Dylan Jones: Obviously the focus of this interview is discovering ways to build a data quality and data governance capability after the migration has completed so is there any advice for some approaches that can be taken during the migration that will make it easier to grow data quality and governance post-migration?

Bryn Davies: Firstly it is very important to campaign and sensitise end users, as early as possible in the project planning phases, about the pending data migration and associated data quality requirements, and what roles they may be expected to play in helping to resolve data issues going forward. The programme’s change management team is a very useful ally in this process, and they should also be educated about what data migration means and why quality is critical. Then during the project, manual data cleansing by end users or by a dedicated team must be carefully controlled by the data migration stream – this requires artefacts to, for example, show data cleansing progress and how identified data load risks are reducing as the cleanse proceeds. In order to instil a permanent awareness in the users involved, these artefacts should be designed and published so that they can serve as the basis for on-going permanent data quality reporting and monitoring post go-live. It is also helpful to introduce a fun element by, for example, branding the data quality programme and having prizes for individuals or teams who perform the best in the cleansing process. In one project we produced a user friendly “data quality handbook” which educated and guided, and was adopted and enhanced post go live to be used in the particular business area on an on-going basis. Using these techniques consistently and visibly throughout the data migration, leads naturally to the evolution of some of the core foundations of data governance such as data stewardship, because for the first time individuals are being made accountable for data in a controlled and monitored environment. On large programmes this invariably sooner or later touches on the big issue of master data that is shared across the enterprise, leading to a practical understanding of the need for the upper echelons of a data governance organisation.





Dylan Jones: What has been the reaction from customer management? Do they see the value of leveraging data quality post-migration or is there any initial rejection or blockading?

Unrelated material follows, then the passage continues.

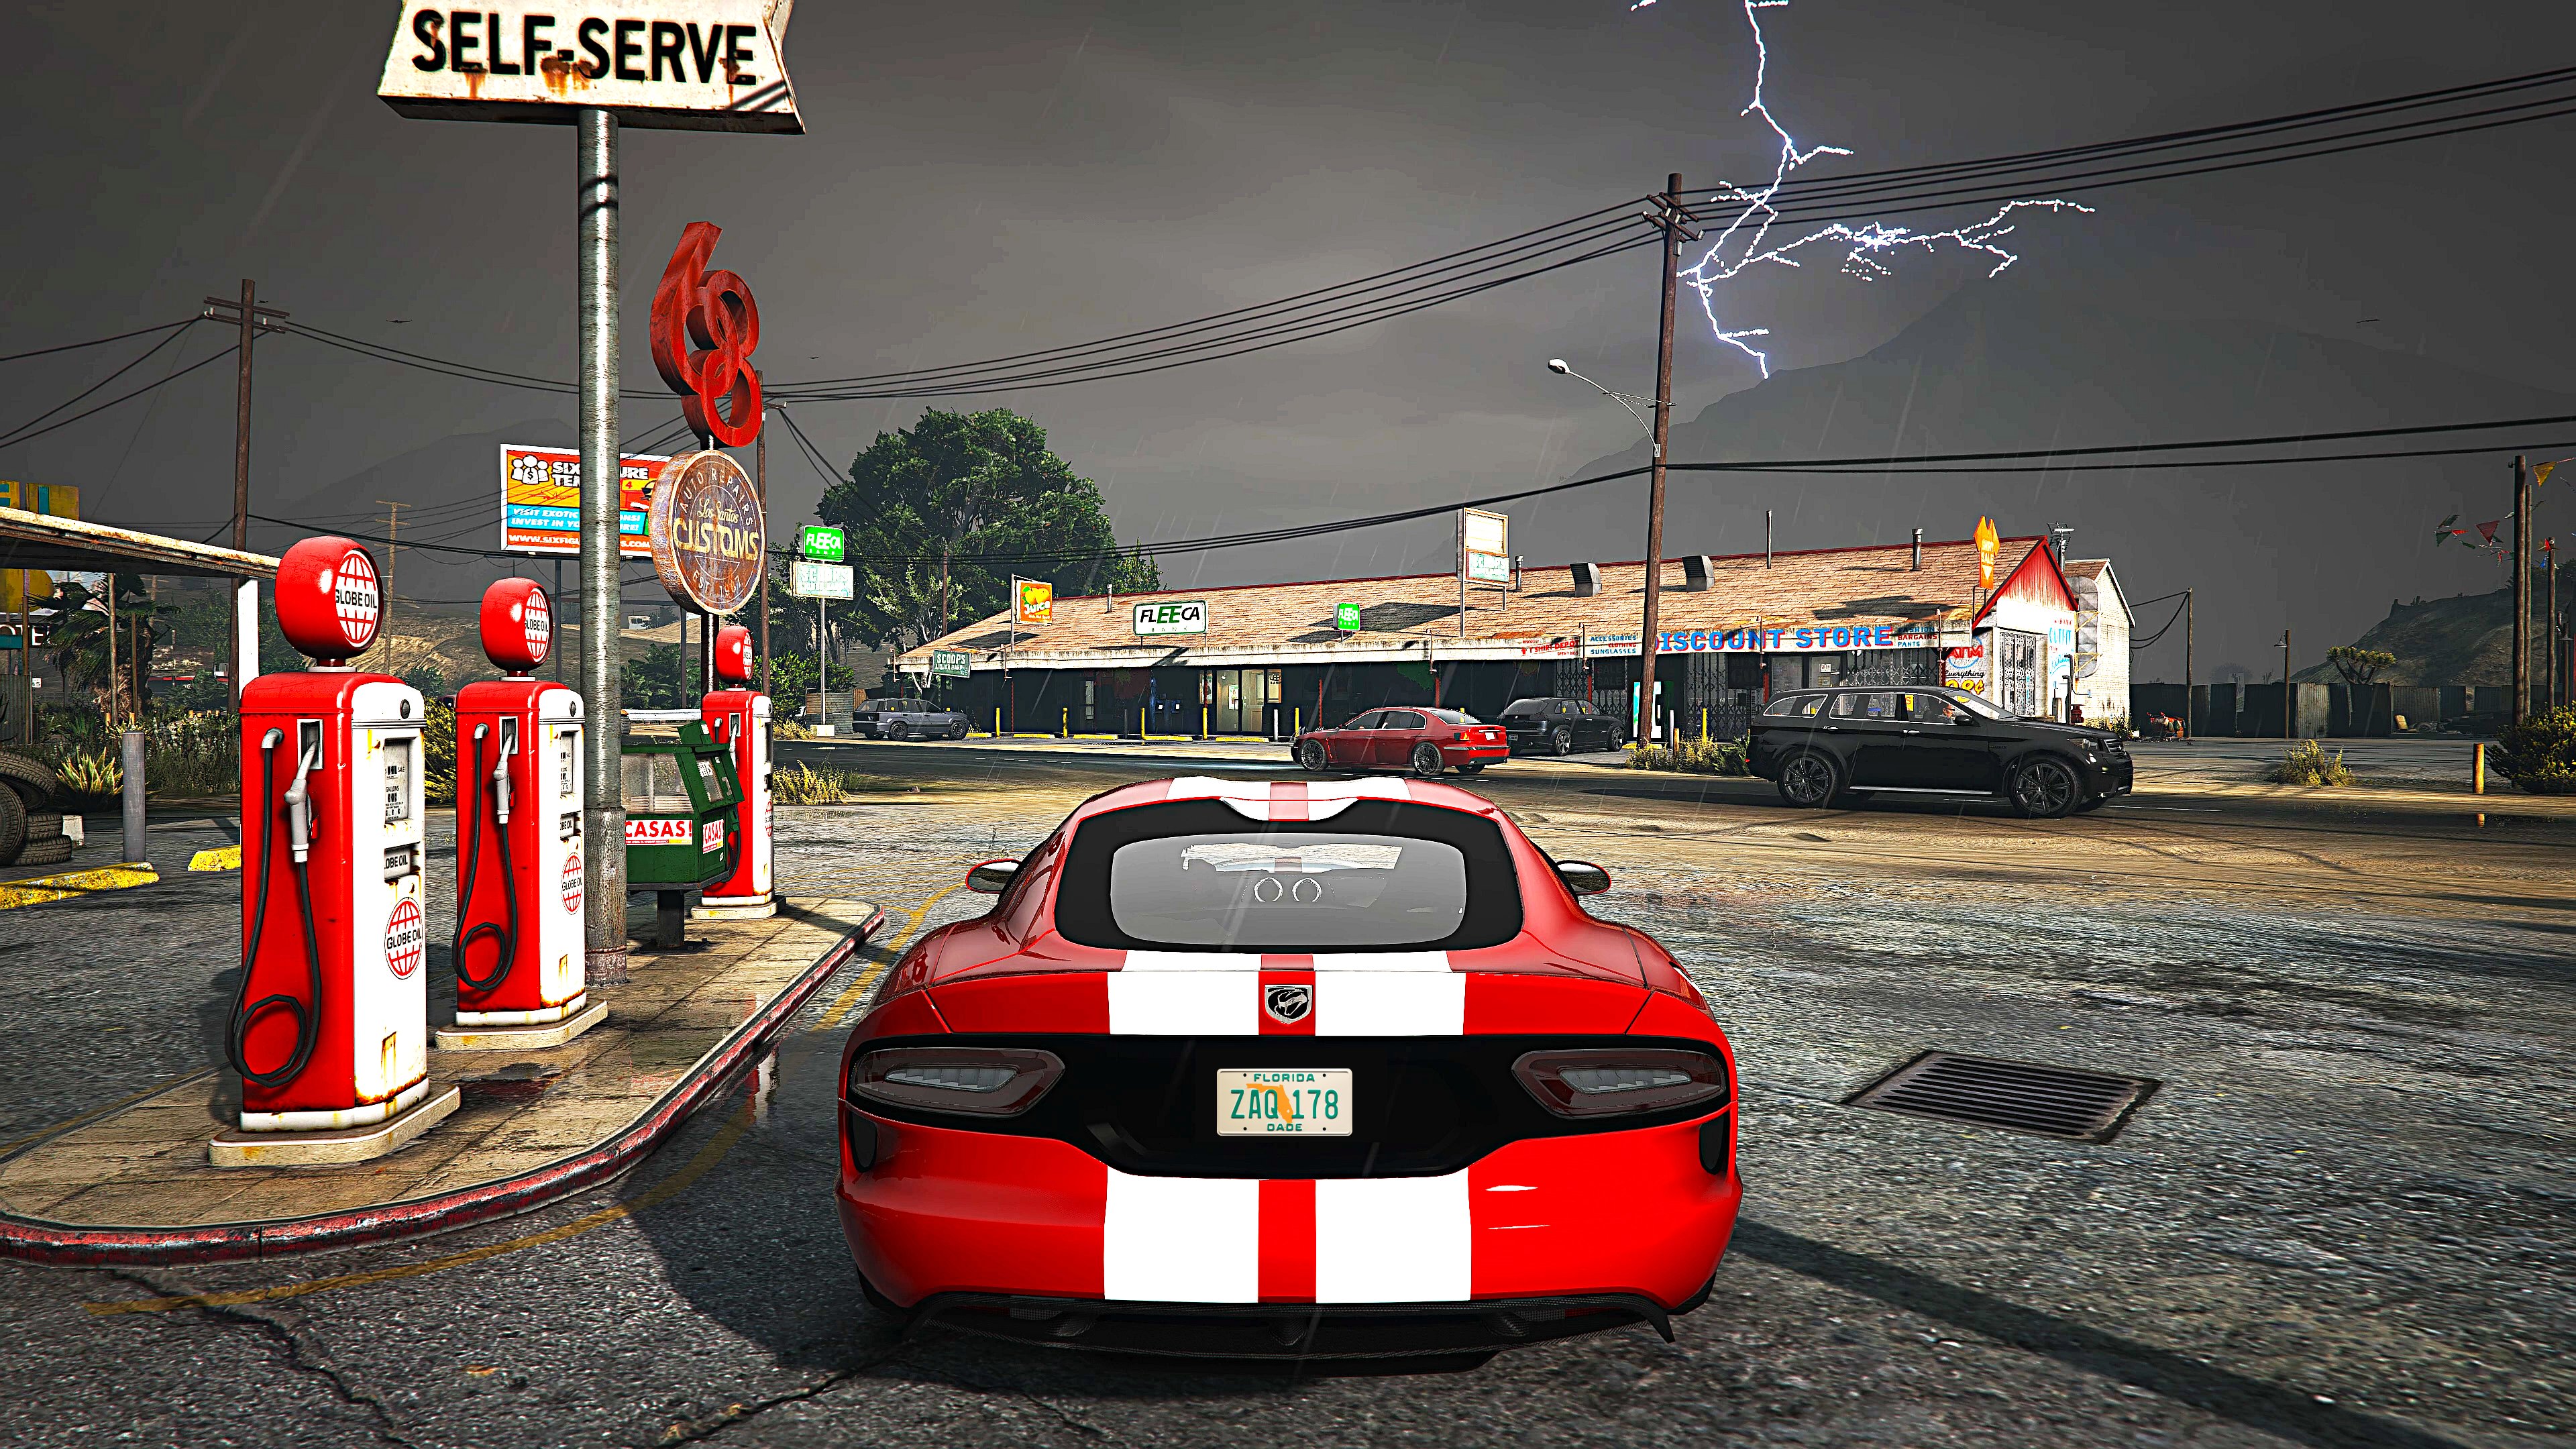 DubstepZz on X: Grand Theft Auto 6 Graphics! NEW 2021 RTX Ray Tracing GTA  6 Graphics Mod! [GTA 5 PC Gameplay]    / X

Bryn Davies: Relevant management attends project progress sessions and steercos throughout the project, so it is important to use these opportunities to market the data quality work taking place by, for example, the readily available reporting and monitoring artefacts already in use. They are also invariably involved in some of the more important data decisions needed by the data teams and stewards, and so the education process is organic. Progress meetings are also opportunities to pro-actively raise the most critical data issues from a business impact perspective, backed by their top of mind expectations of the new system. As long as these opportunities are leveraged and the communication occurs, the support will be there post migration.





Dylan Jones: Finally, in hindsight, after completing many migrations, are there any steps or measures you wish you could go back and introduce? Any lessons you can share for other companies who want to leverage data quality post-migration?

Bryn Davies: Start the data migration and data quality discussion as early as possible, preferably before the project even kicks off. Point out the expected shortcomings due to the SI’s almost certain exclusion of data quality remediation, and engage management on the business level early on, so ensuring that there is an appreciation for the funding that will be required to do the data migration properly. Profile as much as possible of the source data early during project planning, even if the scope is not yet clear, so that there is factual input to the planning and further phases, rather than the usual guesstimates and the all-time classic line: “it should be OK”.